## PROBLEM REQUIREMENTS
Would you print out all of the data exactly and keep the pictures out of it?
====== DATA
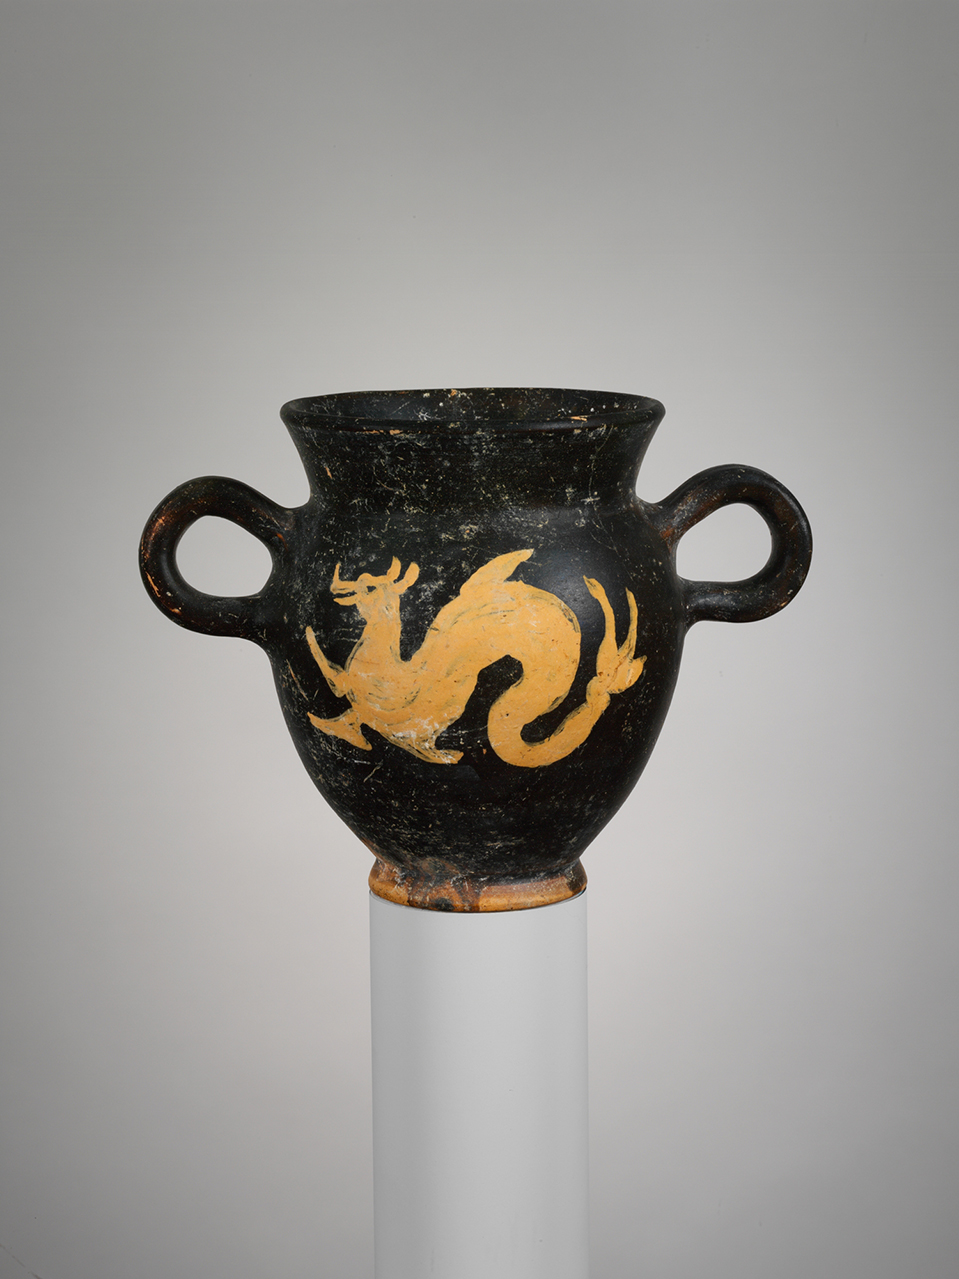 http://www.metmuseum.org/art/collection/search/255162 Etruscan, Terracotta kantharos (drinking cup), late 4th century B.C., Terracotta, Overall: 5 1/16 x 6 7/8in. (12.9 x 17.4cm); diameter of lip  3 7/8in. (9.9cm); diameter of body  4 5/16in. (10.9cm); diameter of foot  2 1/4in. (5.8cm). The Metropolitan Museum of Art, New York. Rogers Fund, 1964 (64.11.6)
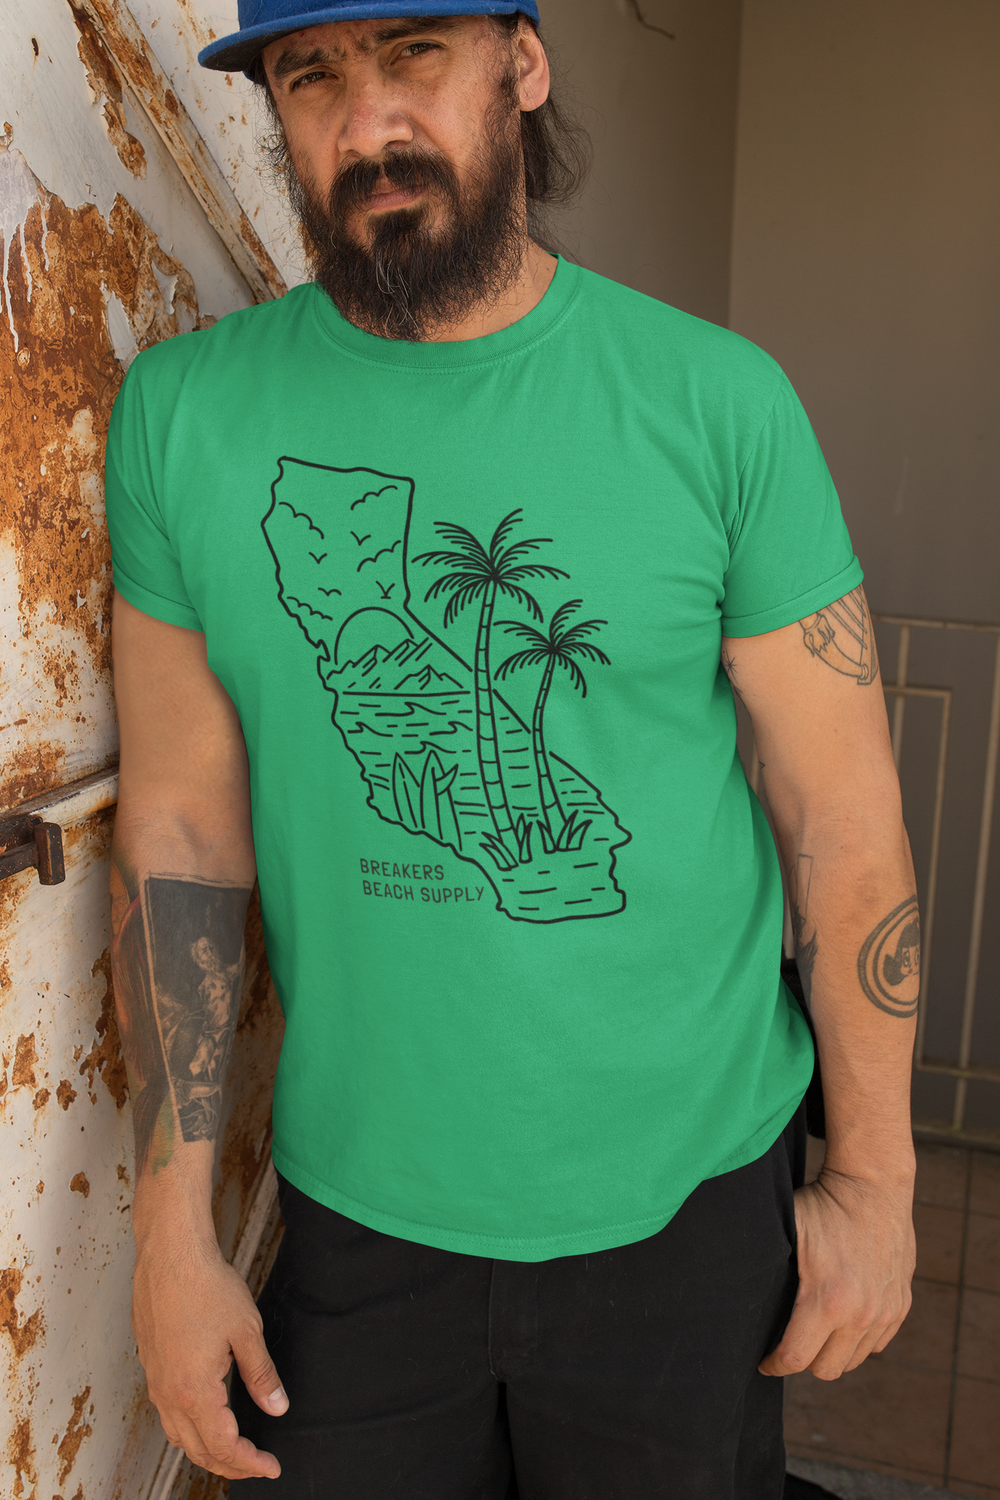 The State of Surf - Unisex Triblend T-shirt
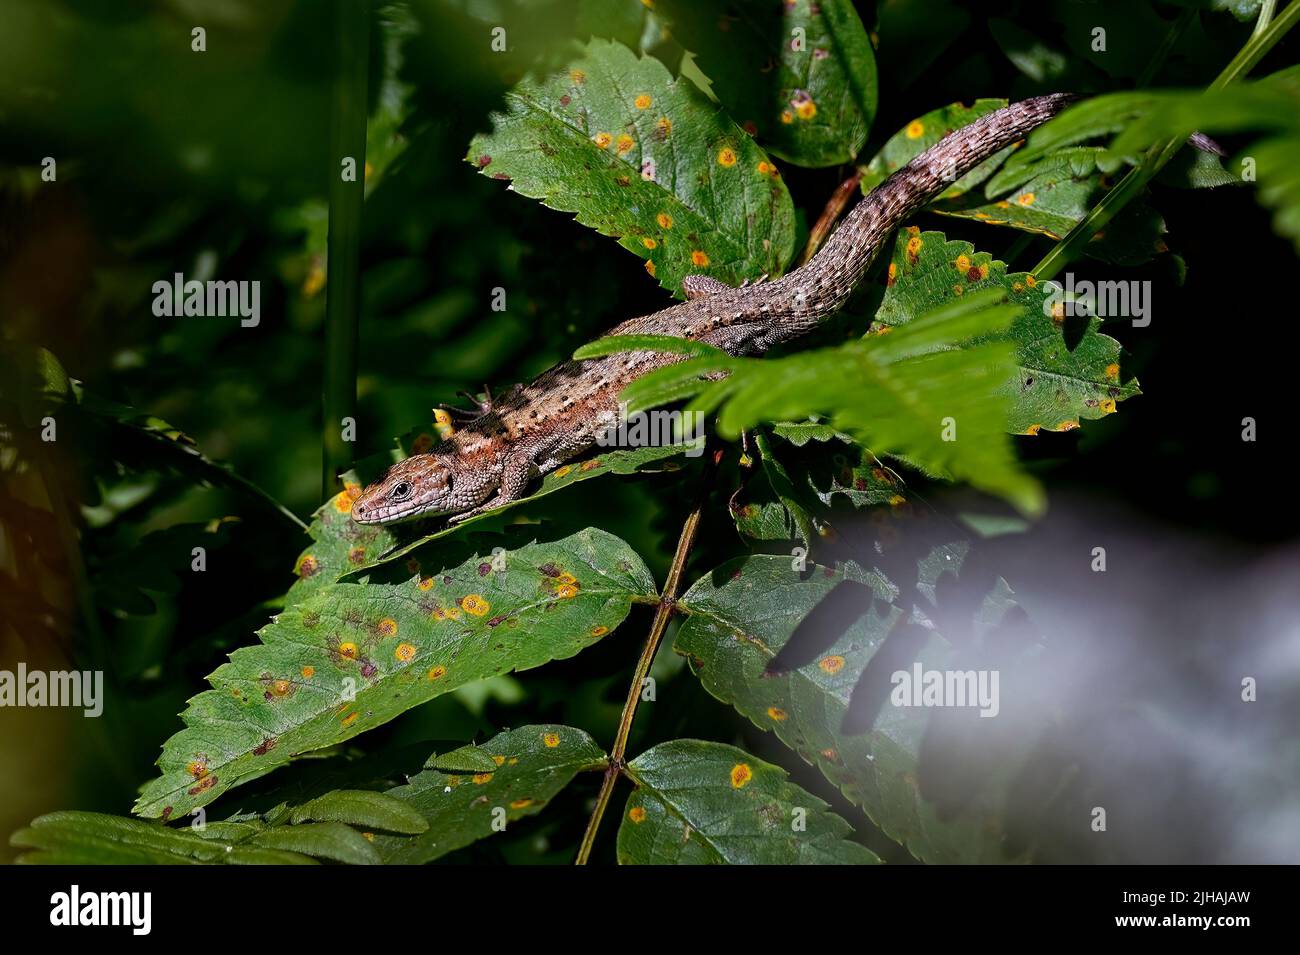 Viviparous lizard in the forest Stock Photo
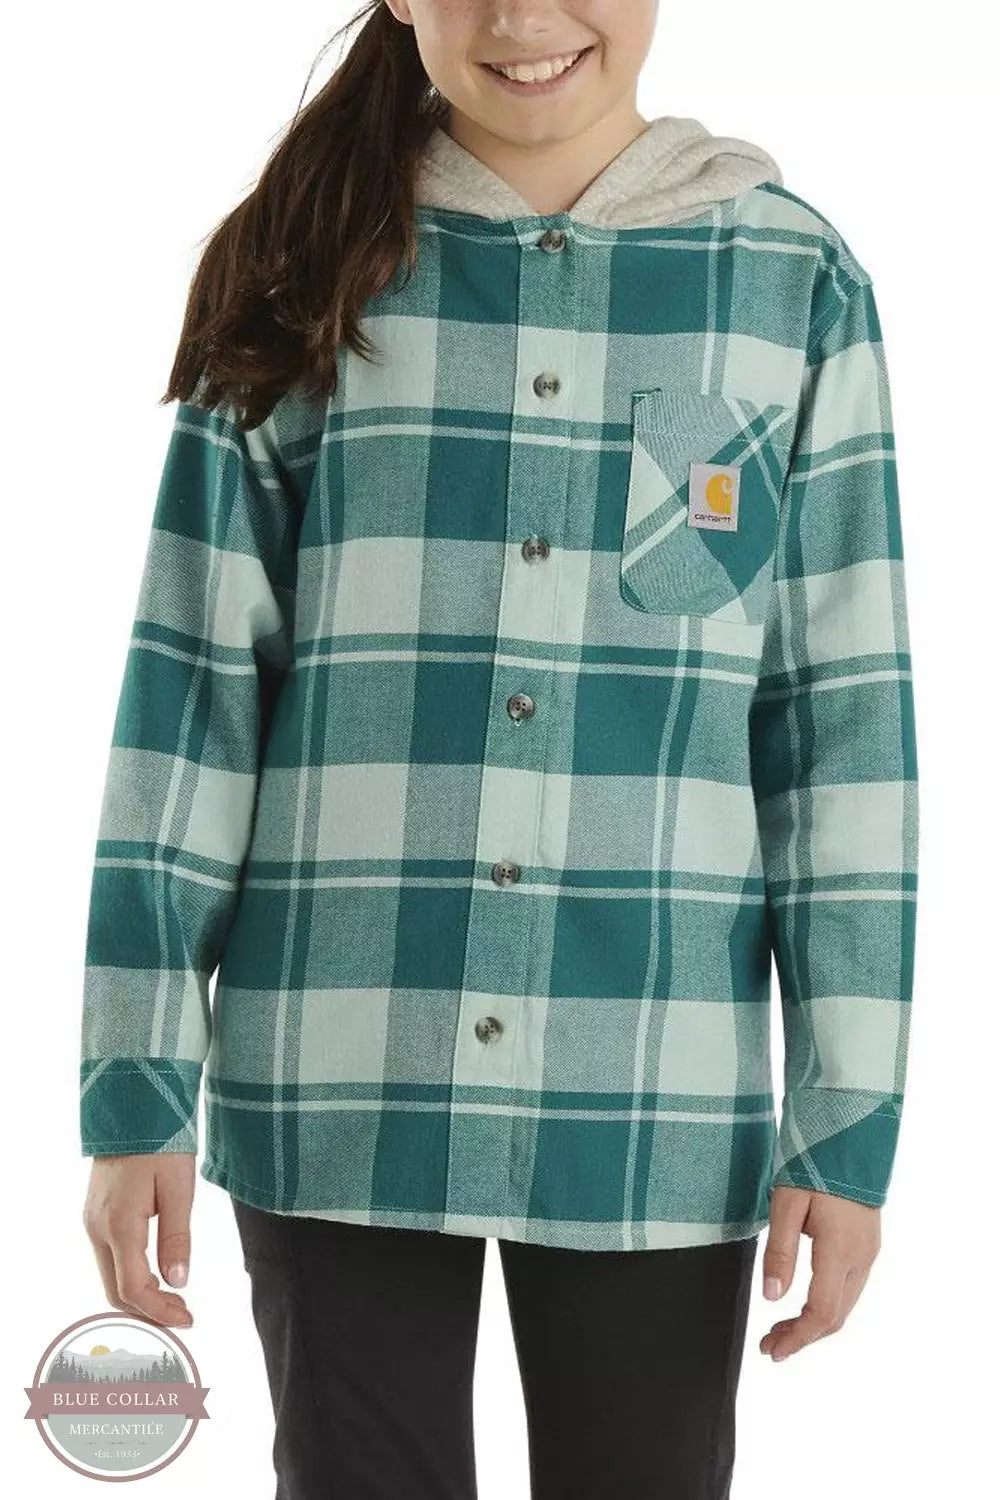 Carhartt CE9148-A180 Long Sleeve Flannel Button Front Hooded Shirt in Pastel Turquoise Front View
============
## ANSWER SPACE
 http://www.metmuseum.org/art/collection/search/255162 Etruscan, Terracotta kantharos (drinking cup), late 4th century B.C., Terracotta, Overall: 5 1/16 x 6 7/8in. (12.9 x 17.4cm); diameter of lip  3 7/8in. (9.9cm); diameter of body  4 5/16in. (10.9cm); diameter of foot  2 1/4in. (5.8cm). The Metropolitan Museum of Art, New York. Rogers Fund, 1964 (64.11.6)
 The State of Surf - Unisex Triblend T-shirt
 Viviparous lizard in the forest Stock Photo
 Carhartt CE9148-A180 Long Sleeve Flannel Button Front Hooded Shirt in Pastel Turquoise Front View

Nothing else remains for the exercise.